The remaining steps are written assuming a “C:\Coyote1” installation.
2. Install the “Propeller Tool” software by running its installer (Located in
C:\Coyote1\PropellerTool\”). When prompted check “Automatically install/update driver
(recommended)”.
NOTE: This is the software development environment for the Propeller Chip. Even if you are not
planning to develop Coyote-1 software at this time, you need to perform this step because the
installer loads the USB to Serial chip driver necessary for OpenStomp™ Workbench to
communicate with the Coyote-1.
3. Run “OpenStomp™ Workbench Setup.msi” (located in C:\ OpenStomp(TM) Workbench\”).
4. If you do not already have the appropriate .NET framework installed, you will be directed to
Microsoft’s website where you can download and install it. You can install a higher rev .NET
framework than required if desired.
NOTE: A copy of the .NET 2.0 Compact framework is in C:\OpenStomp(TM) Workbench\.NET
Framework 2.0, but I have not yet been able to test it on a machine that did not already have the
framework installed.
5. Complete the OpenStomp™ Workbench installation.
12
Chapter 6
Overview
The Coyote-1 is a digital guitar effects pedal based on the Propeller processor from Parallax. The
Propeller is a unique embedded microprocessor containing 8 independent “cogs”. Each cog is
essentially a dedicated microprocessor. All 8 cogs execute simultaneously.
The Coyote-1 was designed to be Open-Source. A big part of that challenge was creating an
infrastructure through which developers could create effects modules that could interoperate, be
configured by non-technical end users, and be freely exchanged. To accomplish this, the Coyote-1 uses
the concept of effect modules.
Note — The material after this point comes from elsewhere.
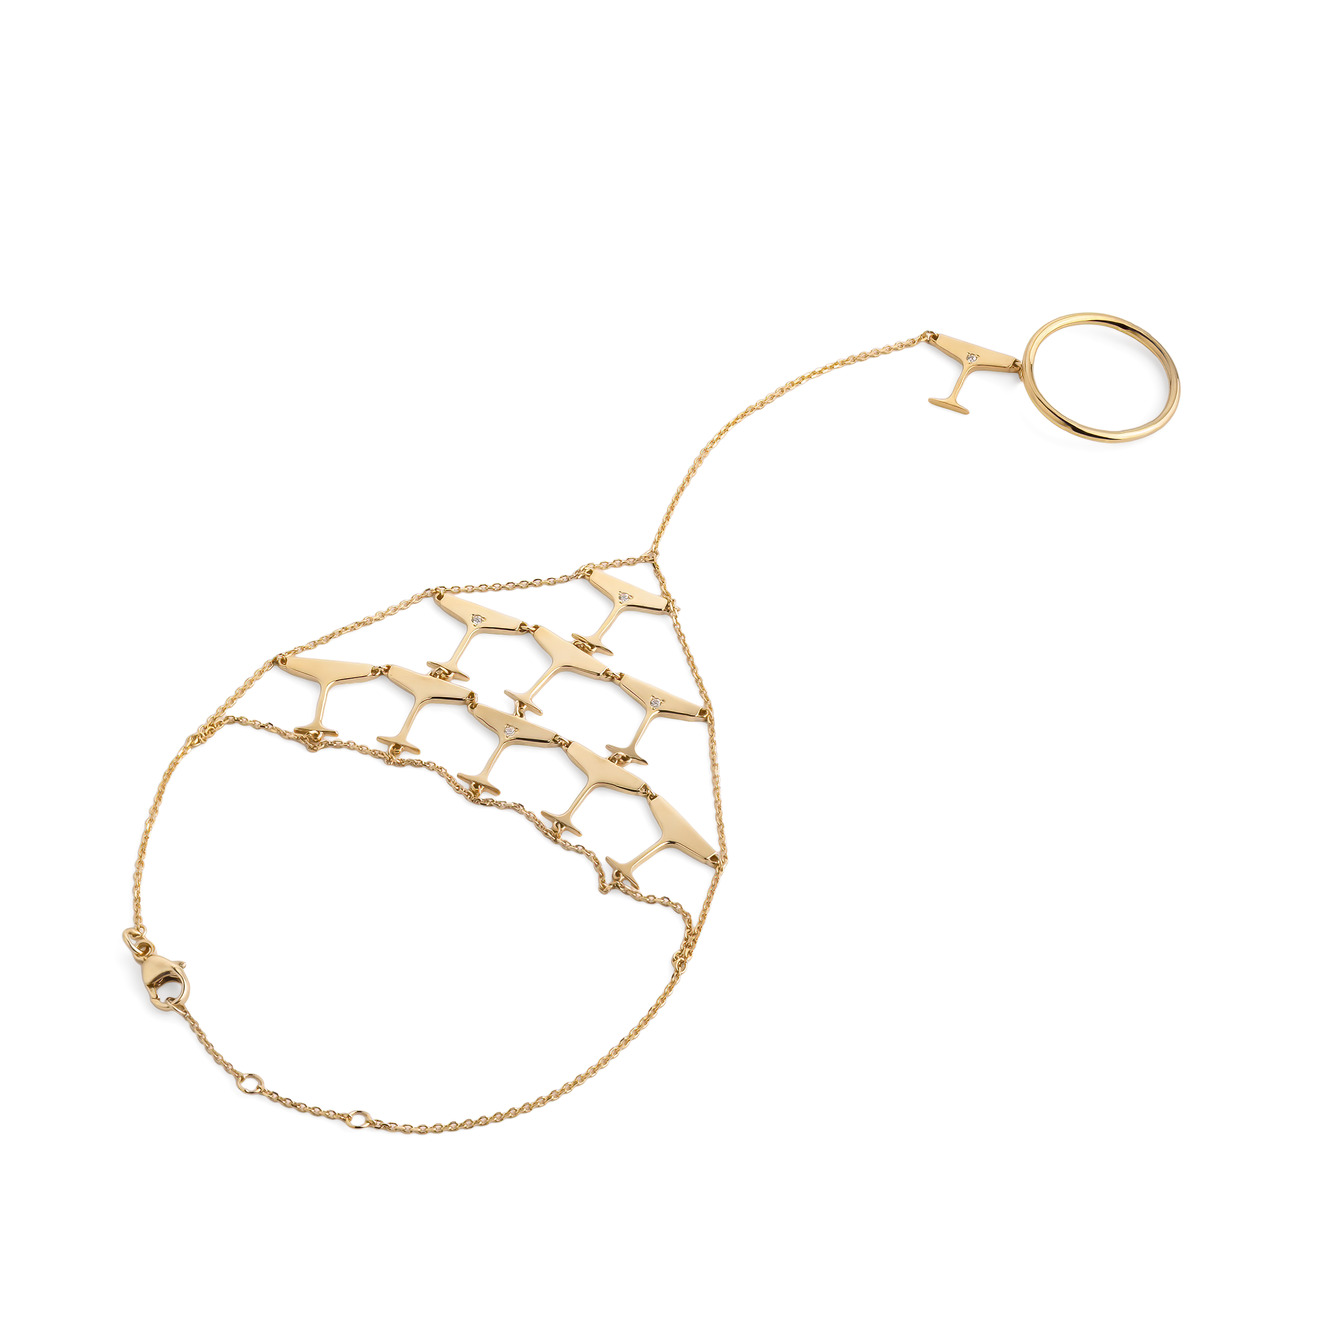 LUTA Jewelry Специальная коллекция Chandon x Poison Drop. Покрытый лимонным золотом браслет-слейв из серебра Sparkling luta jewelry колье sparkling из серебра

An effect module is a piece of software which implements one (or
possibly more than one) effect and which executes on one of the Propeller processor’s 8 cogs.
Effect modules are interconnected by virtual signal pathways called conduits, which connect to sockets
on those effect modules. Sockets are virtual data exchange ports through which a single 32 bit value is
exchanged every audio sample period (i.e. at a rate of 44 KHz, which is approximately once every 22.7
microseconds). There are two different types of conduits: signal conduits which carry audio data and
control conduits which carry control data (such as the output of the buttons and knobs).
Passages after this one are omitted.